If you ask a record purist, DJ or producers about compilations, most likely you’ll get an array of responses on why they’re good, bad or ugly. Everything from “this is exposing the originals” to “I got hipped to digging deeper because of it” and neither side of opinions is necessarily right or wrong. Everything is about perspective from that individuals self in how it’s effected them and most times have not effected them. I always say, if you don’t like something, then ignore it and it will go away (from your line of sight). When speaking of compilations, there have absolutely been some shit ones that weren’t well done, only went for the known or previously sampled song, many of which exposed producers by listing “as sampled by” on them and obvious bootlegs done for nothing more than making quick money.

But in the realm of compilations, the grandest of them all might very well be the Dusty Fingers series (1997-2010) produced by Danny Dan The Beat Mann which took the less popular route of discovery and brought a whole new world of music that wasn’t just about the break or sample spread across 17 volumes. Focusing heavily on a more European sound of Library music, Jazz, Rock, Funk and Easy Listening mixed with it’s counterparts on this side of the globe, it’s safe to say that the series went deep with sounds that obviously a part of the Beat Mann’s life since childhood.
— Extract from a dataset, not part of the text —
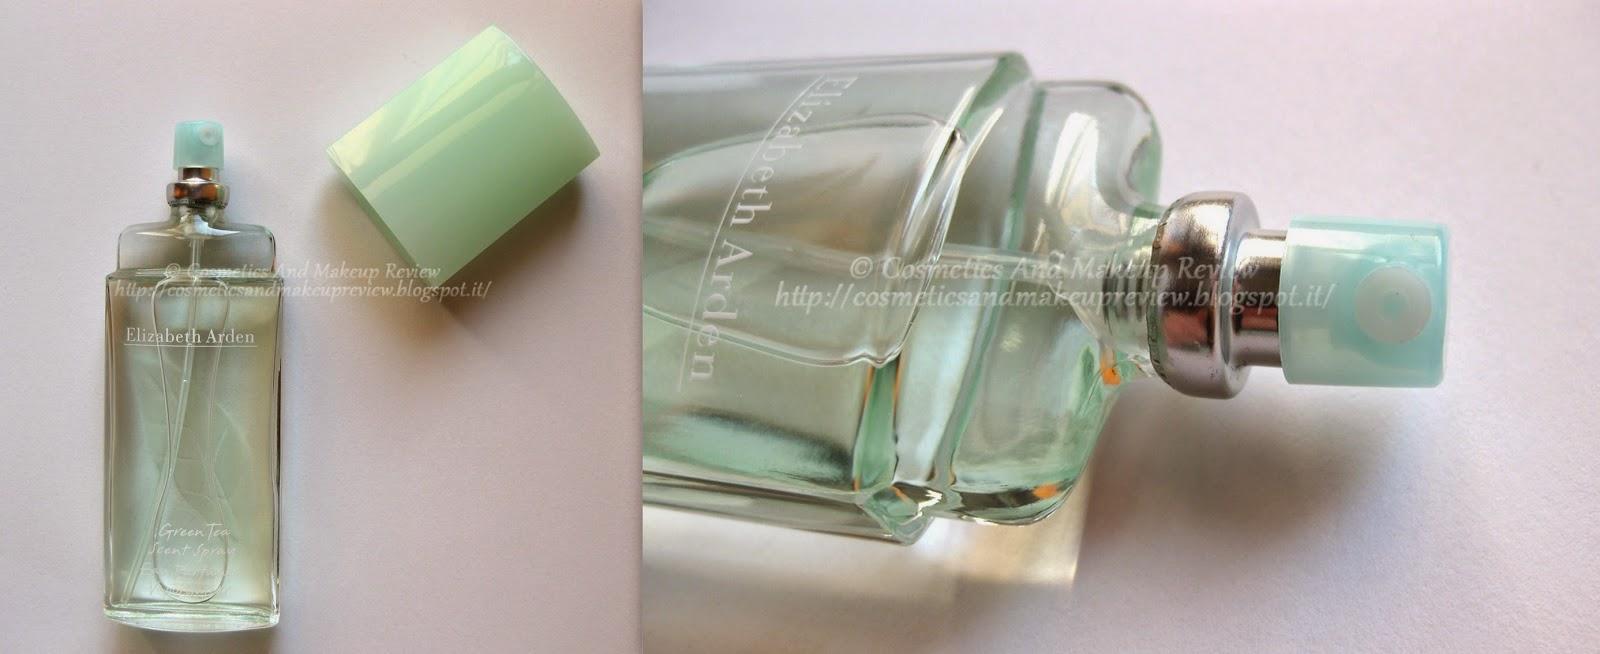 Elizabeth Arden - Green Tea Scent Spray - Eau Parfumée Vaporisateur - erogatore
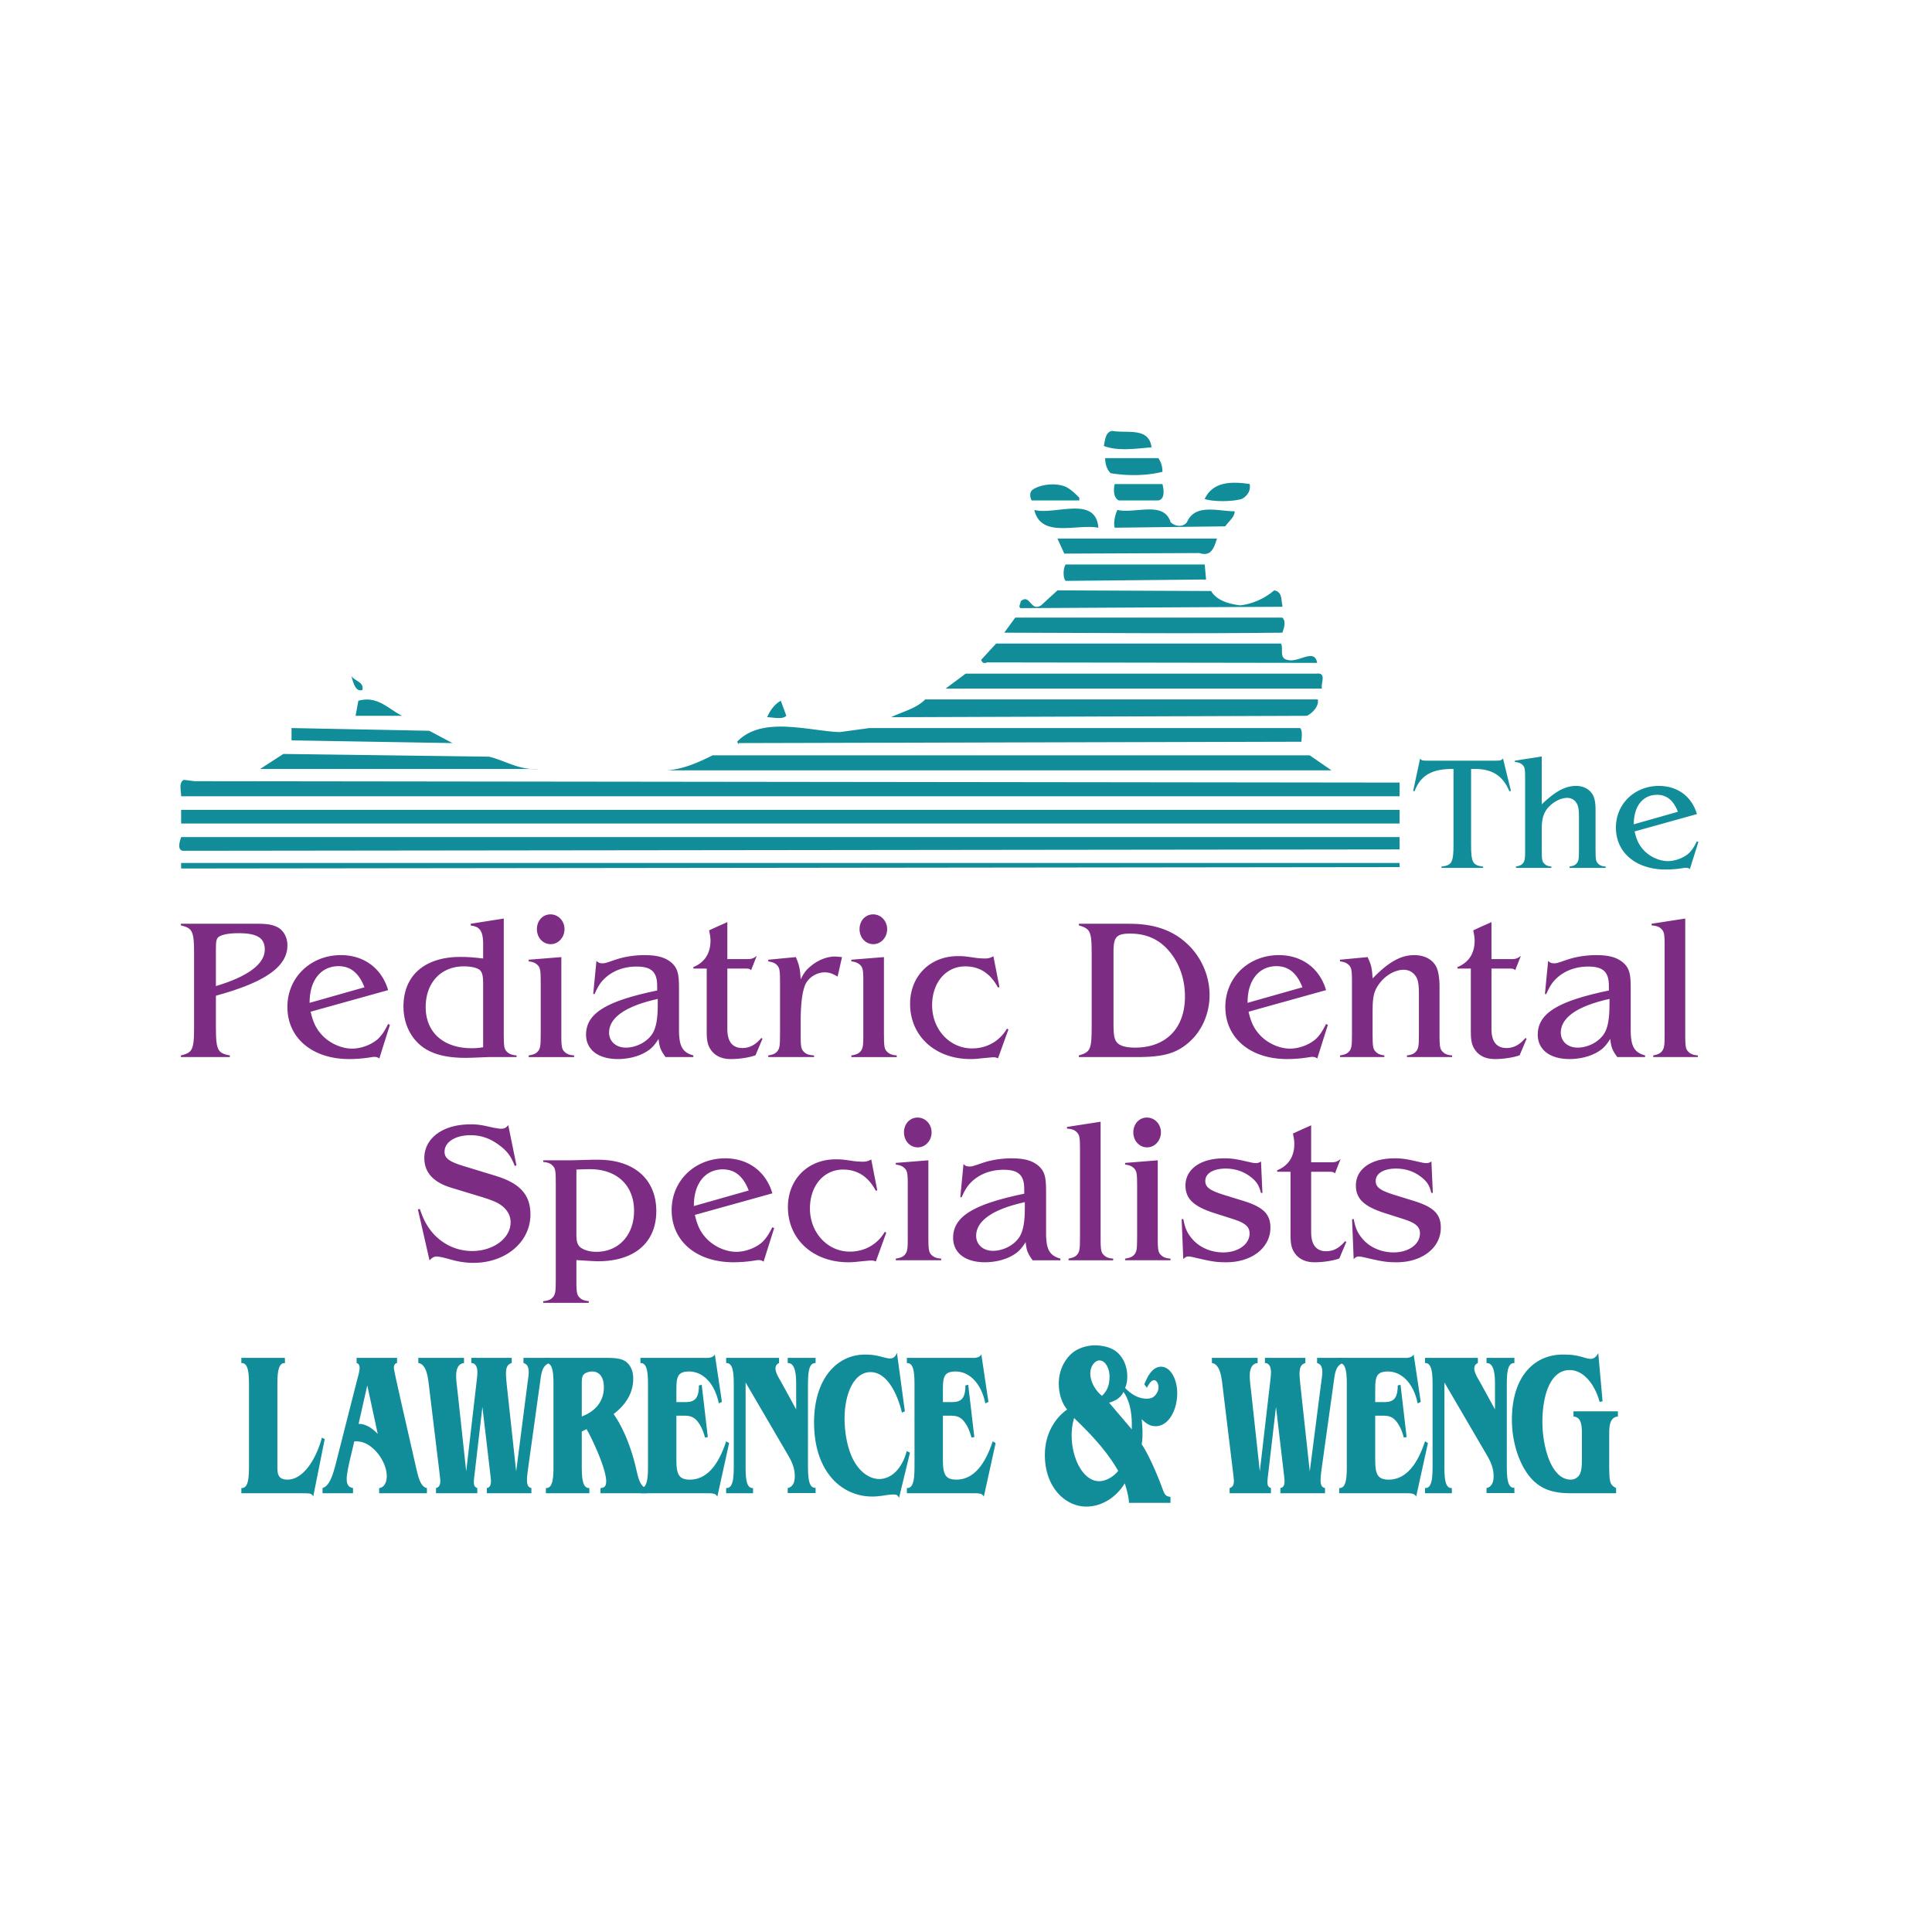 The Pediatric Dental Specialists

*excerpt from 2014 interview with Danny Dan by Skeme Richards

Skeme: Let start back to the early years of TV Shows when there was quality programming on 7 days a week, what were some of your favorites as a kid growing up?

Dan: Back in the late 60’s early 70’s it was shows like I Dream of Jeannie, McCloud, Baretta, Bob Newhart Show, Mary Tyler Moore Show, Emergency, Iron Side, All In The Family and stuff like that. Even the show Dark Shadows which was like a soap opera that my mom made me watch but I was also heavy into and wanted to watch my cartoons, stuff like Gigantor, 8th Man, Mighty Heroes, Herculoids and all those kinds of shows. My mom is European and was heavy into movies so in the 70s she would take me downtown to the theaters to watch all these great films, mostly foreign films like Italian and French with subtitles. Mostly cop flicks but also a lot of Action and Thriller films plus some Horror but real gritty films that American filmmakers weren’t making. And even though they were subtitled it kept my attention with the action, 70’s cinema was crazy bro.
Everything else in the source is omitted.